Tibbitts@FernHill’s unique menu has, indeed, paid off − big time − in recognition and rave reviews. It was voted one of the top five new restaurants of 2017 by food critic Sue Kidd of The News Tribune. Tibbitts, himself, was honored as Best Chef 2018 and his eatery was recognized as the Best New Restaurant 2018 by South Sound Magazine. named Tibbitts@FernHill one of 24 “Essential Tacoma Restaurants” while Yelp! rated it the No. 1 farm-to-table restaurant in Tacoma. Additionally, Tibbitts was featured as a guest host and cook-off contestant at the 2018 Taste of Tacoma.

“It’s all been a huge achievement for me, but I’ve got to stay humble, too,” said Tibbitts. “I want to do the right thing.”

Small is Beautiful

With his restaurant’s quick rise, one can only wonder what the future holds for Tibbitts.
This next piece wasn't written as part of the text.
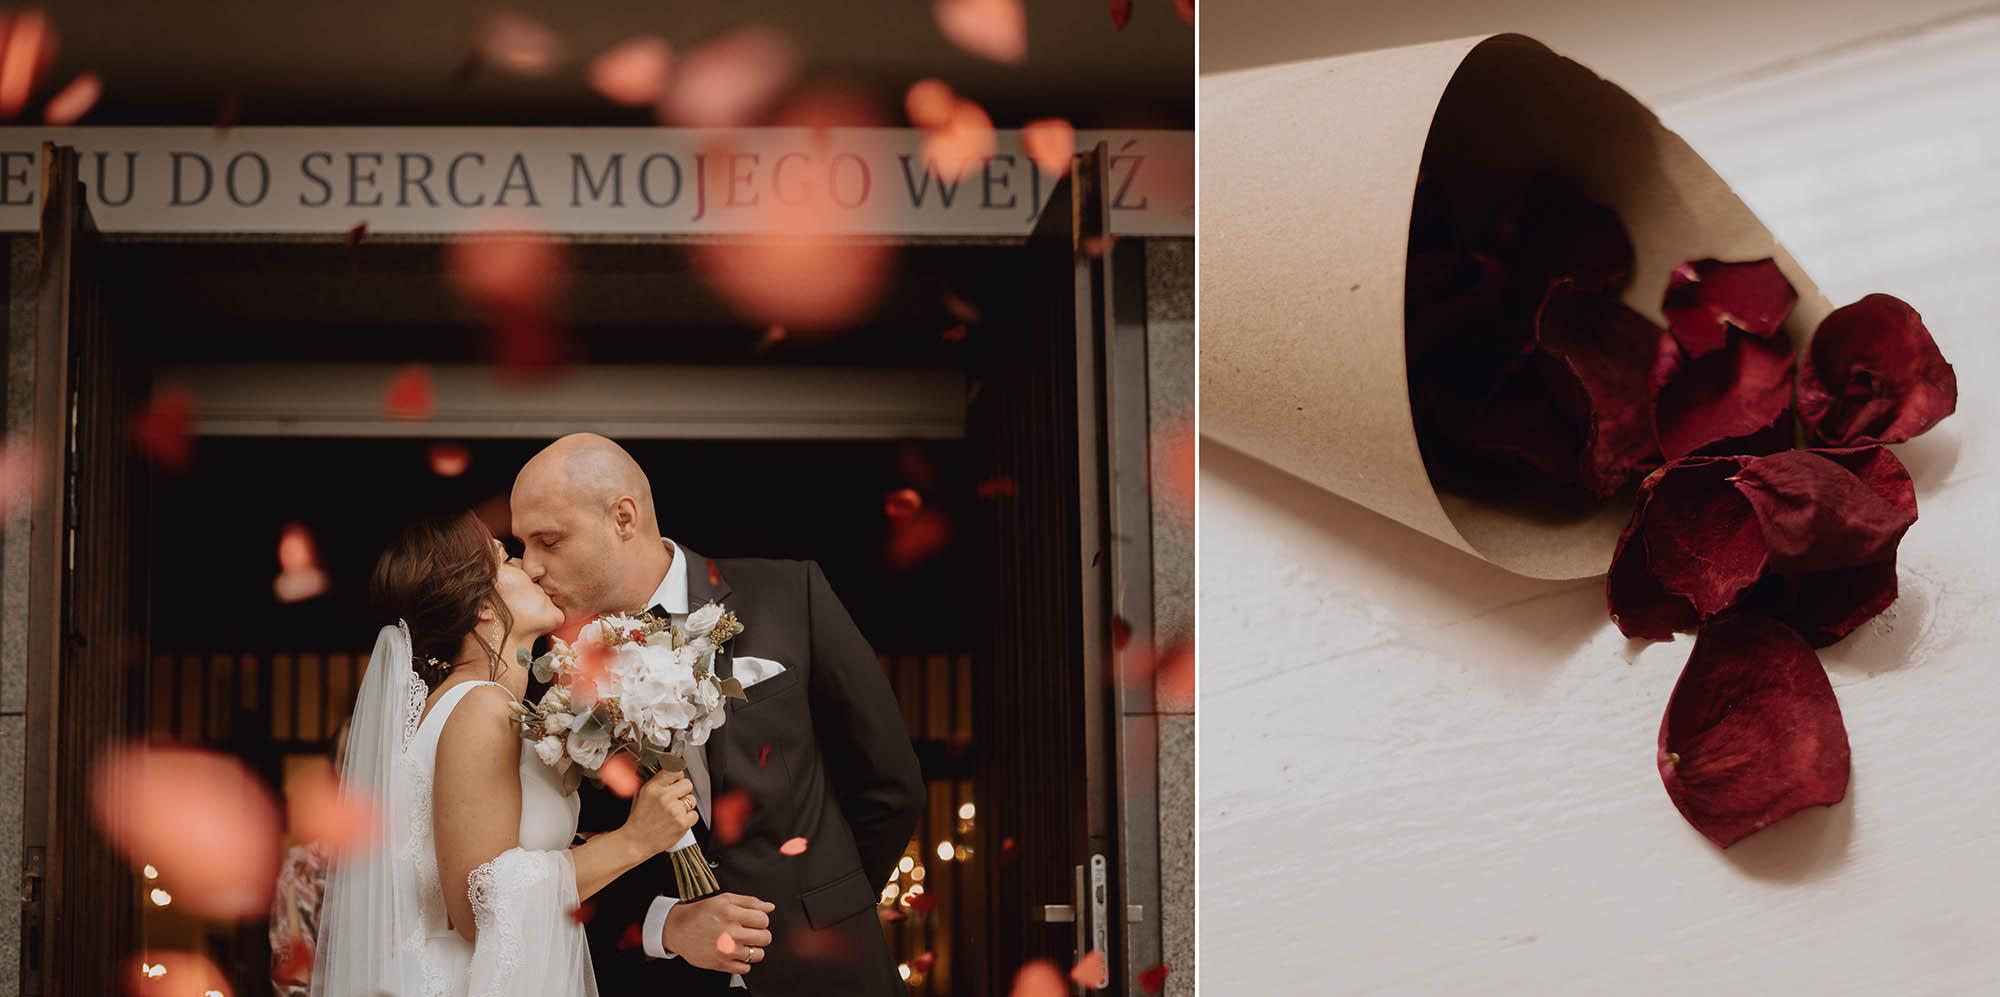 konfetii 216 - 10 niestandardowych rozwiązań, które wyróżnią Twój ślub

“I was looking at a second location,” Tibbitts said. “I decided I didn’t want to do that because that was going to take away from my spot, my dream of being part of the Fern Hill community. Overhead is the biggest breaker of every small business restaurant, so I’m going to keep it small. I’m never going to expand, but I’m probably going to do some summer hours. I’ll keep changing my menu four times a year. I’ll also be doing some dinners starting in February − three nights a week.”

One thing is for sure: In addition to Tibbitts’ unique locally sourced culinary offerings, his community service will continue making Tacoma a better place to live for a long time to come.

“I’m a giver,” Tibbitts concluded. “It’s all heart. I can’t change.”